U.S. Pat. Nos. 4,629,676 (Hayakawa et al) and No. 4,859,568 (Takeda) disclose an image forming method comprising the steps of imagewise exposing to light a light-sensitive material, and heating the light-sensitive material. The light-sensitive material comprises a support and a light-sensitive hardening layer containing silver halide, a reducing agent and a polymerizable compound. The light-sensitive material is heated to develop the silver halide and to harden the polymerizable compound.
U.S. Pat. Nos. 5,122,443 (Takeda), No. 5,290,659 (Takeda) and No. 5,393,651 (Hoshi) disclose embodiments of the above-mentioned light-sensitive material, which are advantageously used for the preparation of a lithographic plate. U.S. Pat. Nos. 5,304,454 (Yokoya et al), No. 5,326,667 (Yokoya et al) and No. 5,328,800 (Yokoya et al) disclose other embodiments of the light-sensitive material, which are advantageously used for the preparation of a color proof. In the light-sensitive materials for the lithographic plate or the color proof, a cross-linkable polymer can be used in place of or in addition to the polymerizable compound. Further, the light-sensitive hardening layer preferably comprises a hardening layer containing the polymerizable compound or the cross-linkable polymer and a light-sensitive layer containing silver halide. An overcoating layer containing a base precursor may be provided on the light-sensitive layer.

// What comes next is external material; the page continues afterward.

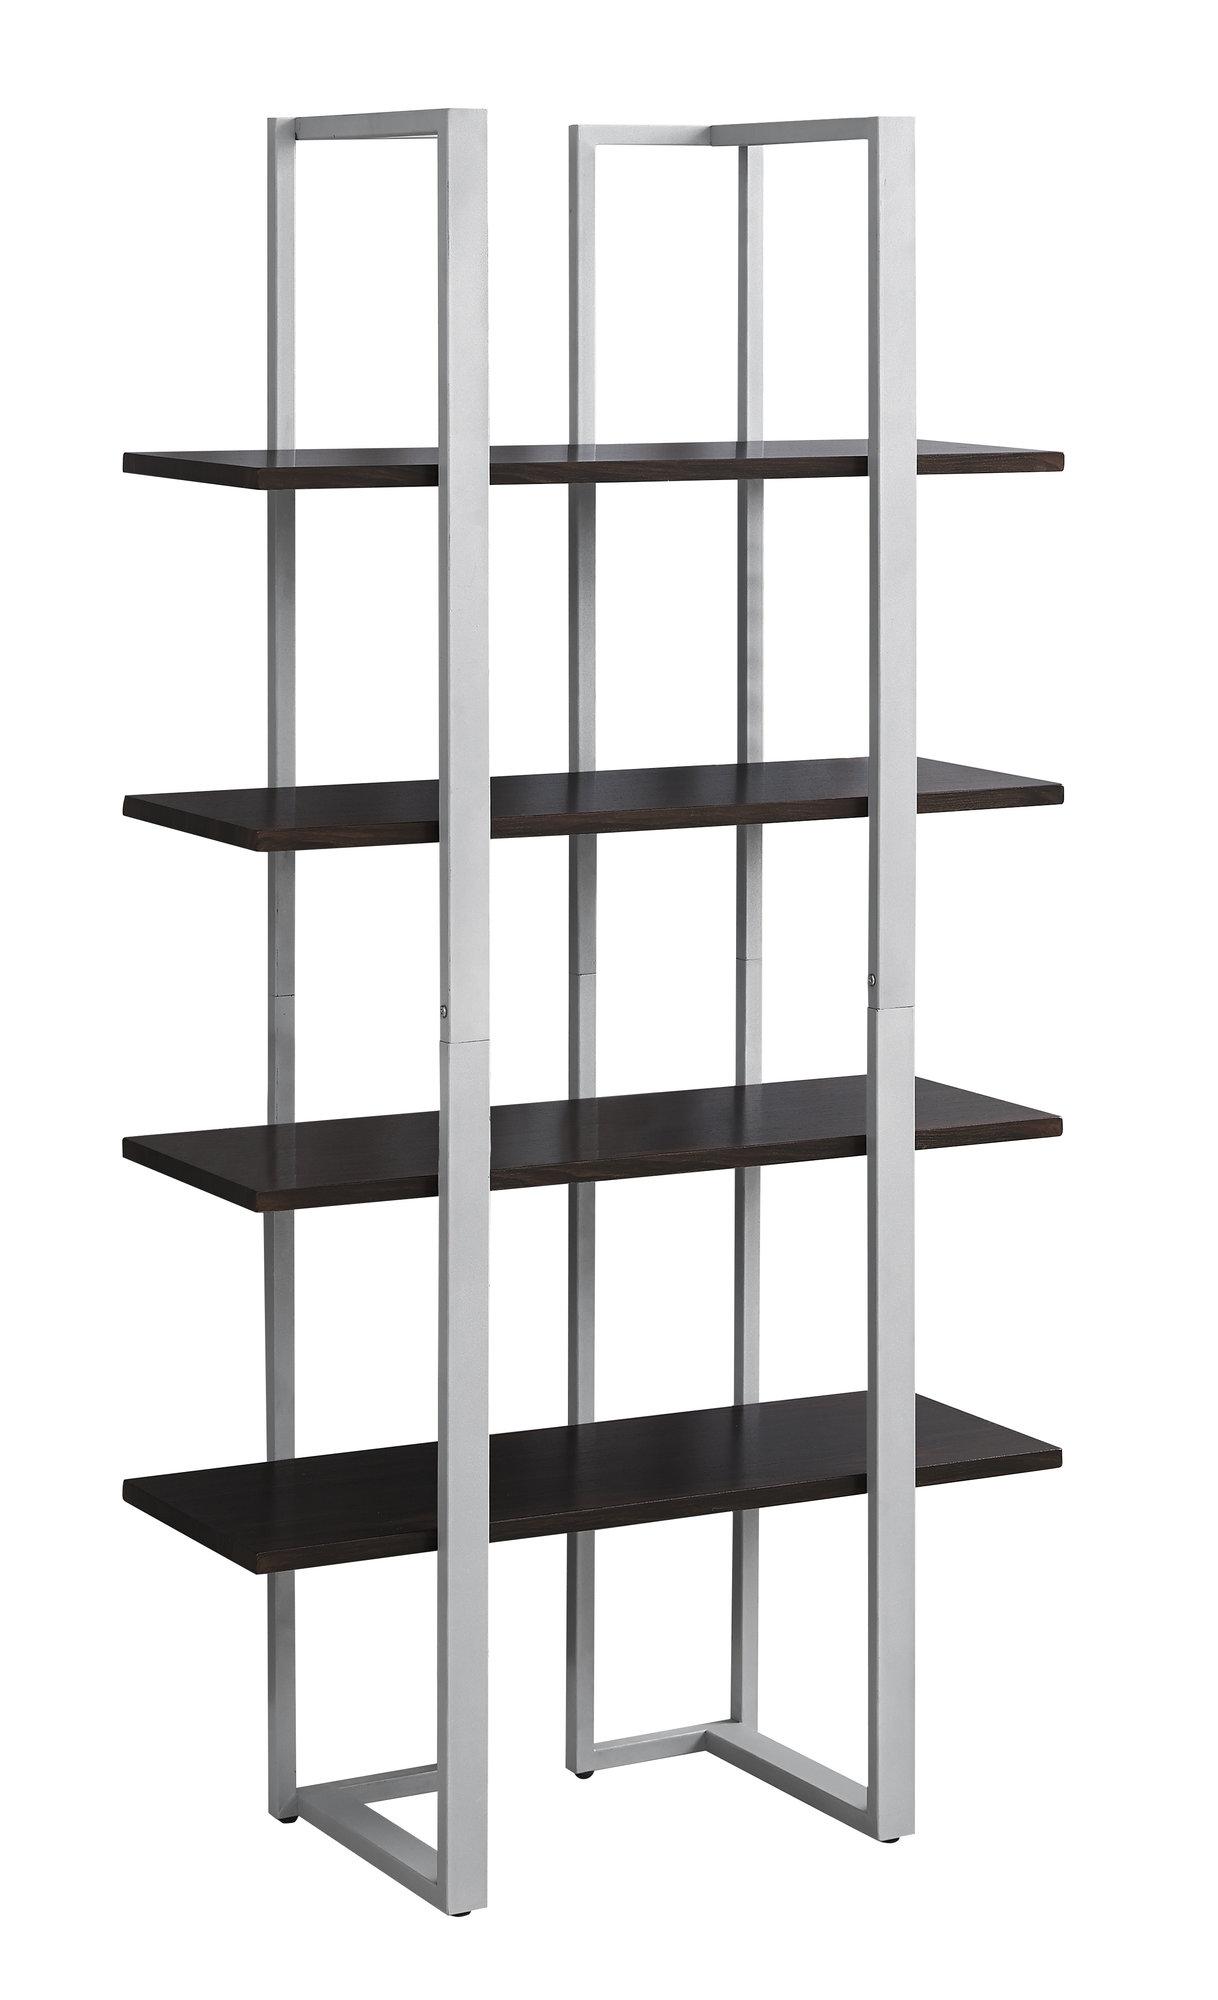 "13.25"" x 32"" x 60"" Cappuccino Silver Mdf Metal  Bookshelf"

In the above-mentioned image forming methods, some components of the light-sensitive material form a gas. In the case that an acylhydrazine compound (disclosed in U.S. Pat. No. 4,859,568) is used as a reducing agent, the oxidation product of the compound forms nitrogen gas after reducing silver halide. Further, the base precursor is usually in the form of a carboxylic acid and a base. The carboxylic acid in the base precursor is decarboxylated under heating to release carbon dioxide gas as well as the base.
The applicant has studied the image forming method using a heat development. As a result, the applicant notes two problems in the obtained image. First, omissions are sometimes observed in the obtained hardened image. Second, spots of the polymerizable compound or the cross-linkable polymer remain in the unhardened area.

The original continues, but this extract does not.